The default initial boundaries are not the same for the two algorithms because Kozak's algorithm uses by default the criteria opti.nh whereas Sethi's algorithm can only use opti.nhnonint. In our numerical experiments with the criteria opti.nh, the cumulative root frequency boundaries performed a little better than geometric, arithmetic or robust boundaries (for a definition of theses boundaries, see details about the trymany algorithm parameter). On the other hand, the arithmetic boundaries had good performances (Baillargeon and Rivest 2009) with the criteria opti.nhnonint. Let's note however that we never found, in any of our numerical experiments, initial boundaries clearly better than others.
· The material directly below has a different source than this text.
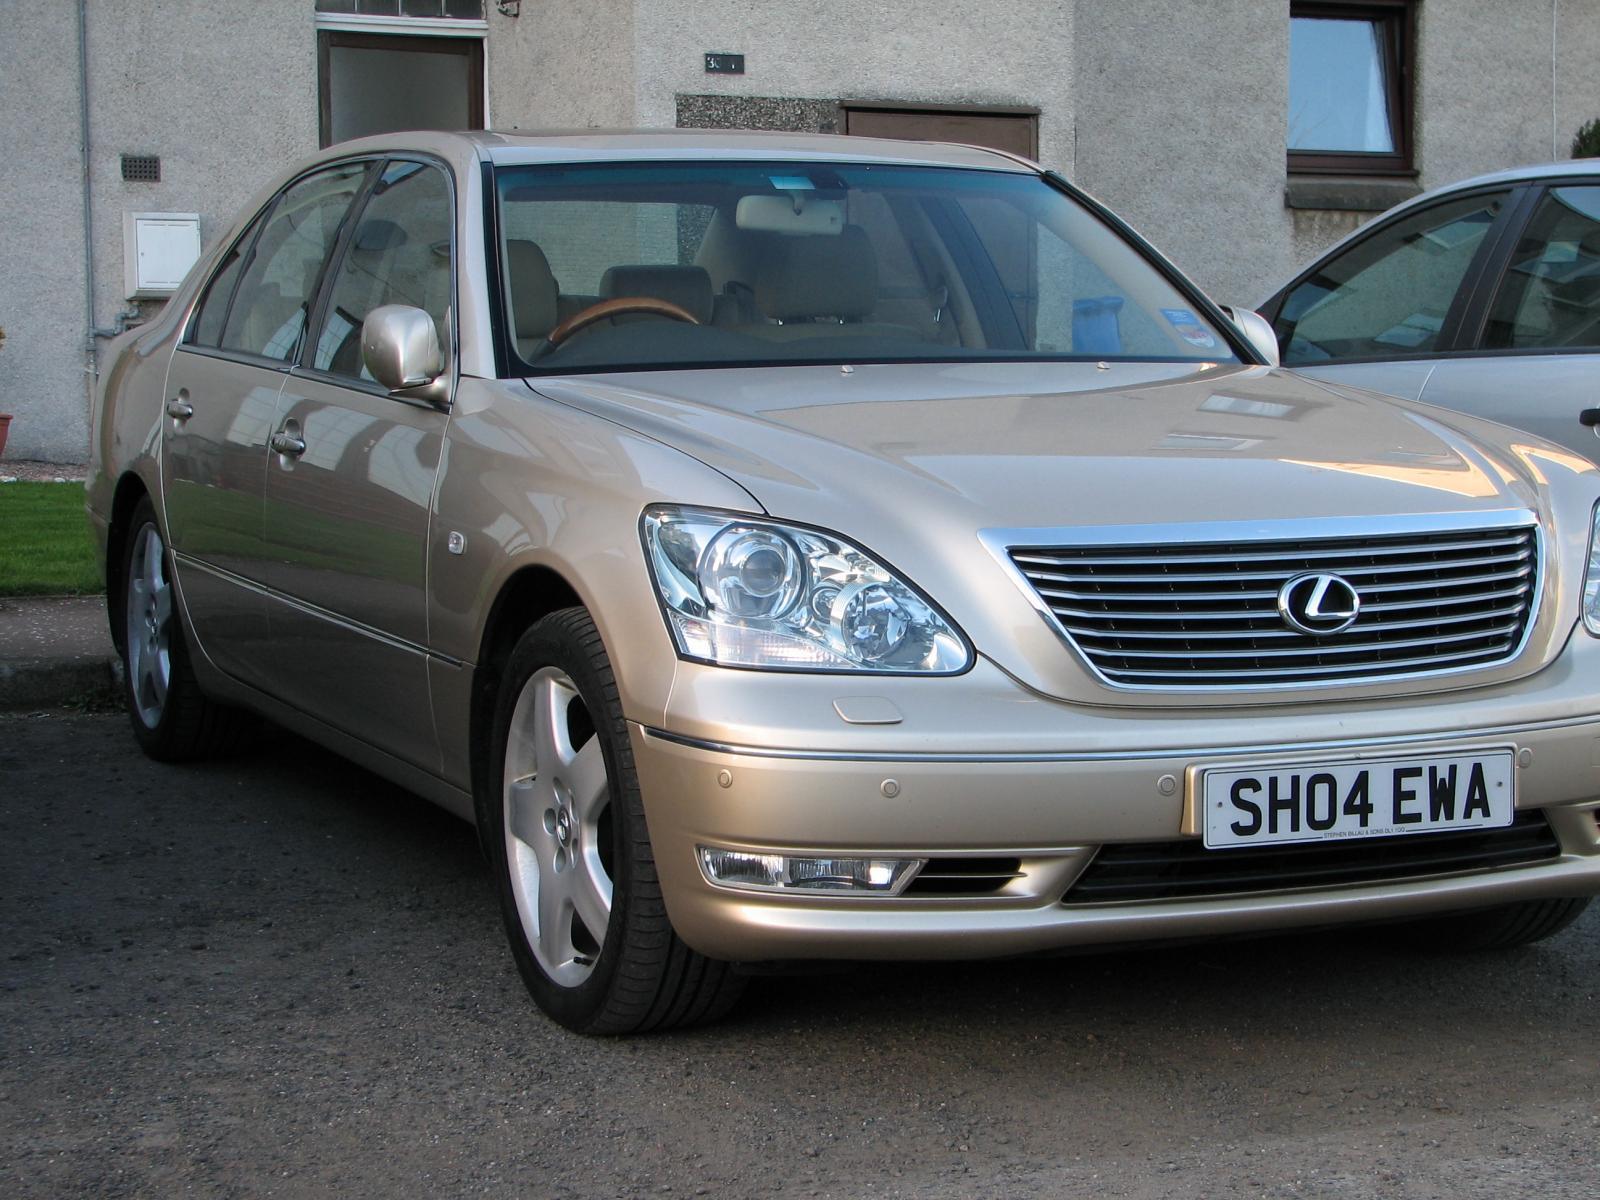 At Last I have my Lexus

The length of the vector initbh can be Ls-1 or L-1, where L is the total number of strata. When takenone=0, L=Ls and it does not make any difference. But for a stratified design with a take-none stratum, it means that one can give as initbh argument the vector of initial boundaries (b_1, b_2, \ldots, b_{L-1}) or (b_2, \ldots, b_{L-1}). In the second option, the upper boundary of the take-none stratum is not given. In that case, it is set by default to the first percentile of x. If this first percentile is equal to the minimum value of x, this initial boundary would lead to an empty take-none stratum. In that case, the initial boundary of the take-none stratum is rather set to the second smallest value of x.

Sometimes, the specified initial boundaries are not suitable for Kozak's algorithm. As written below, this algorithm verifies at each iteration that the sampled strata contains at least minNh units and that they have positive sample sizes nh. If the initial boundaries do not meet these conditions, the initial optimization criteria is not comparable to the criteria for boundaries respecting the conditions. Therefore, in such a situation, a warning is produced and the algorithm is not run.

ALGORITHMS

Sethi: The formulas implemented for Sethi's algorithm are presented in Baillargeon, Rivest and Ferland (2007). As mentioned previously, this algorithm is available for a target CV only. Moreover, it works with derivatives to perform optimization. Therefore, it can only work with a real optimization criteria (opti.nhnonint).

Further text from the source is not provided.